クノイは俺を少し離れたところに降ろすと、一目散に怪物に斬りかかっていった。少し覗いてみたが、戦況はあまり芳しくないようだ。ゴクリョウさんは怪物から放たれる鞭のような攻撃から必死にみんなを守っている。ムナカさんは雷を剣にまとって攻撃しているが、ほとんど通用していないないようだ。オルは離れたところから指揮をとっている。そのそばにはメナさんの姿もあった。


 「クノイは…」



 俺がクノイを探そうと辺りを見渡すと、離れたところに倒れこむクノイの姿がうっすら見えた。



 「クノイ!」



 近づいてみるとやはりそれはクノイだった。クノイは全身からひどく出血していた。足の骨は折れていて立ち上がれないようで、手は肉が削げ骨が見えている。
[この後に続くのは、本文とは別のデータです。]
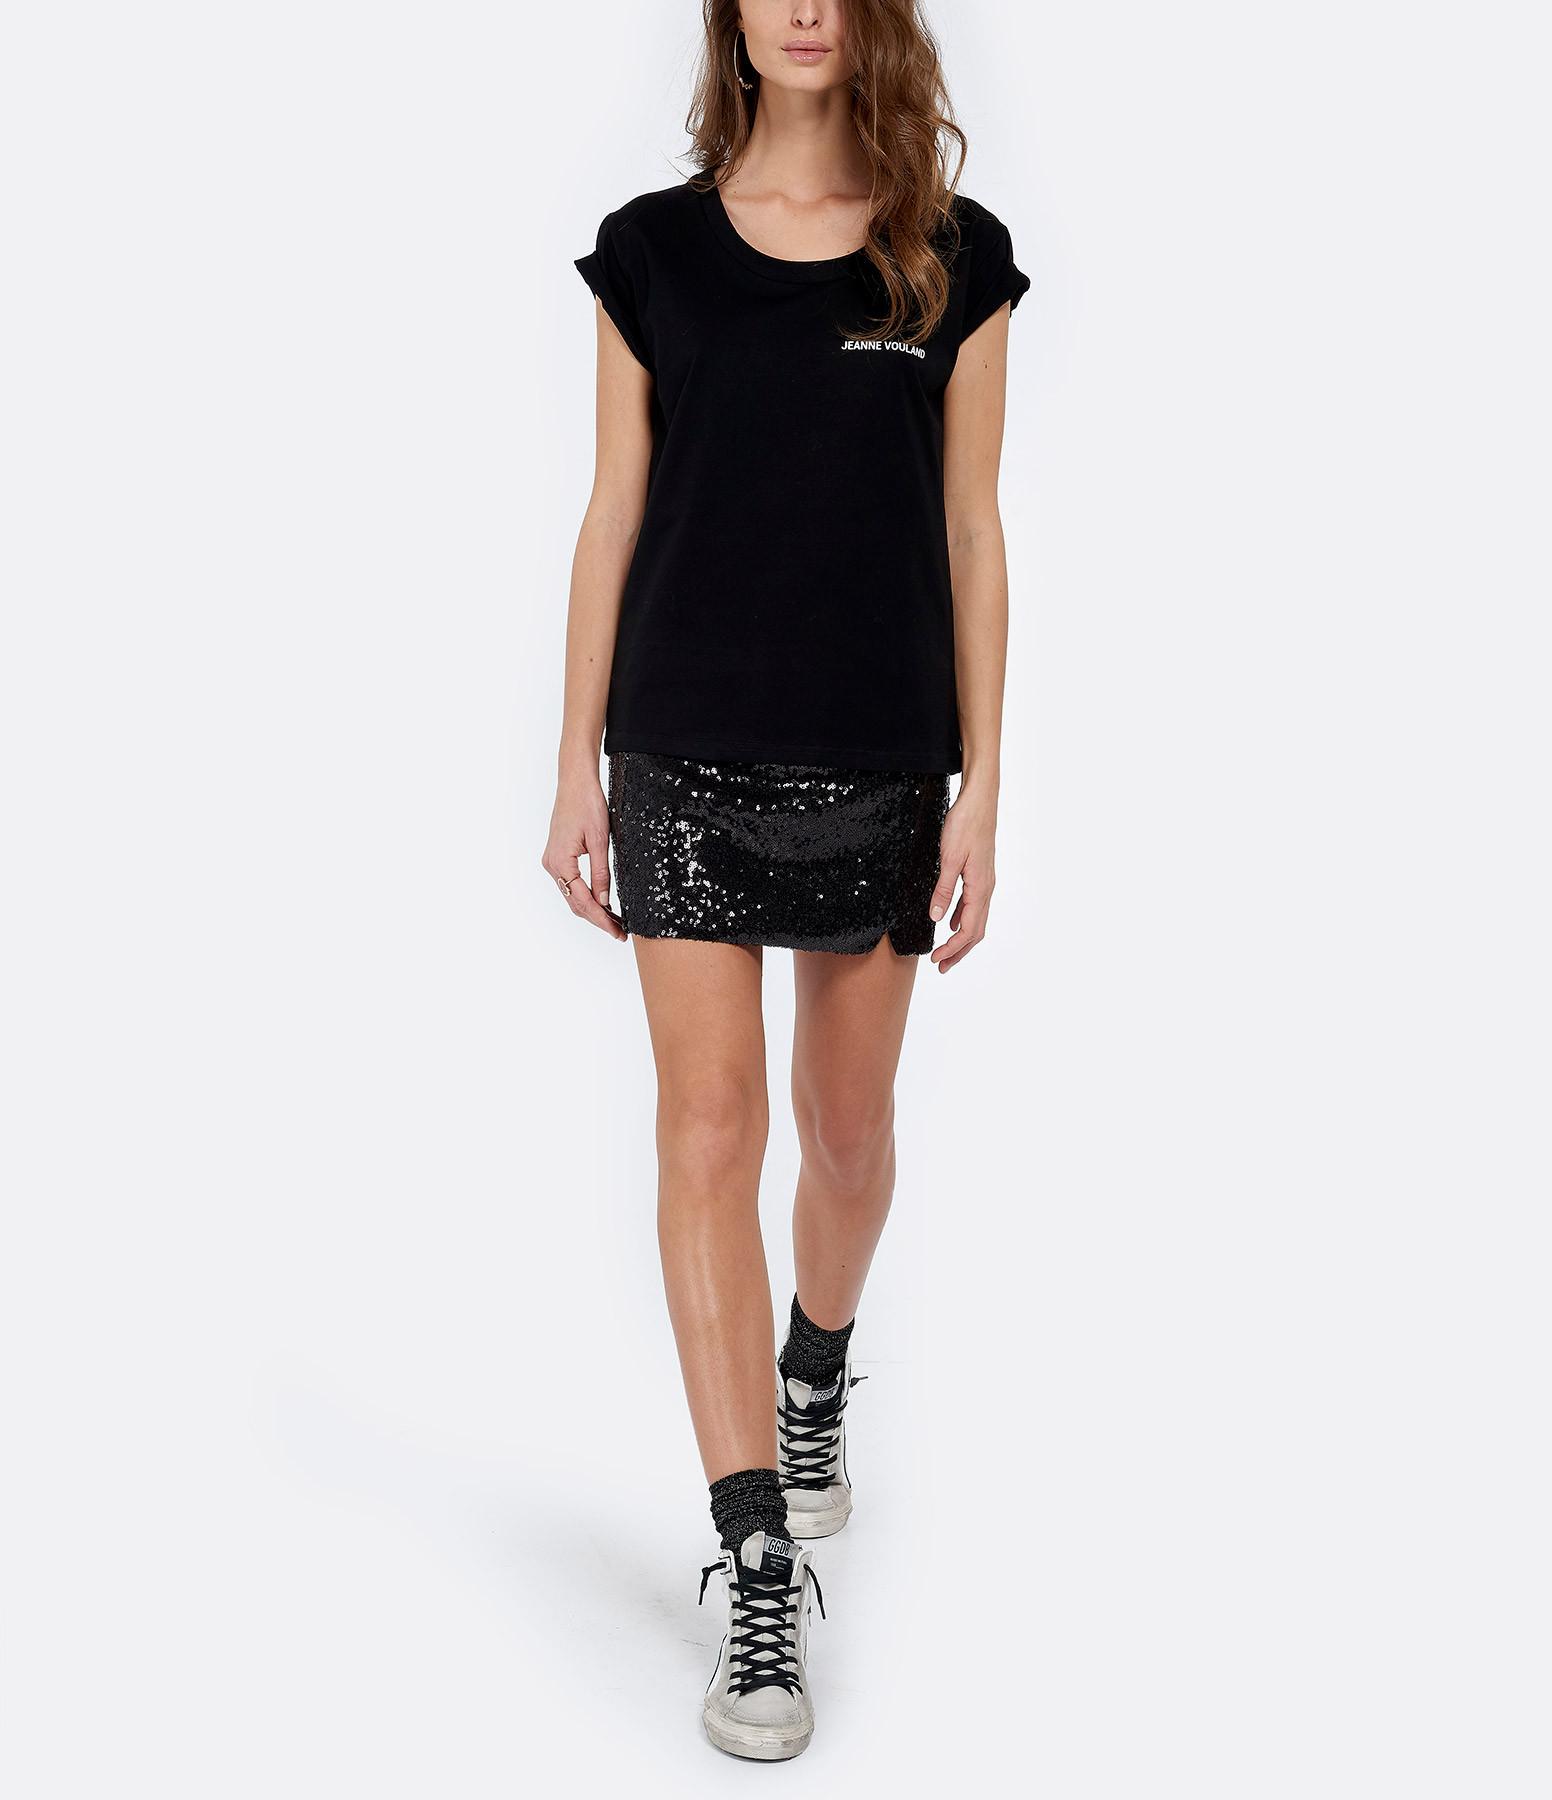 JEANNE VOULAND - Tee-shirt Ari JV Col Rond Noir Imprimé Blanc

 「大丈夫か!?いや、大丈夫じゃないよな。ひどいけがだ。今向こうで応急手当を…」



 俺はクノイを担いで後方へ連れて行こうとしたが、クノイはそんな俺の手を払いのけた。



 「大丈夫だ…まだやれるさ。」


 「無理するんじゃねぇよ!そんな体でどうやって戦うってんだよ!」



 クノイはどう考えてももう戦えるような状況ではなかった。しかし彼は微笑を浮かべて話す。



 「…俺が根拠もなしにこんなこと言うわけがない。メナさんはまだ生きてるんだろ。」


 「…あぁ…まぁ…」


 「んじゃ、そろそろ頃合いだ。全部丸く収まる。」



 俺はメナさんのいる方を向いた。するとそこには、宙に浮かぶ緑色の巨大な魔法陣と、それを操るメナさんの姿があった。



 「みんな…よく耐えたね。私はこのくらいの援助しかしてあげられないけど、もう一息…頑張ってください!」



 すると、魔法陣からは緑色のきらきらと光る鱗粉のようなものが俺たちのもとへ降り注いできた。降ってきた鱗粉はとても暖かく、俺たちをやさしくつつみこむようだった。そしてクノイを見てみると、鱗粉を浴びたクノイの傷はすっかり治っていた。クノイ以外の仲間たちも、再び活力を取り戻したようで、怪物に攻撃を再開していた。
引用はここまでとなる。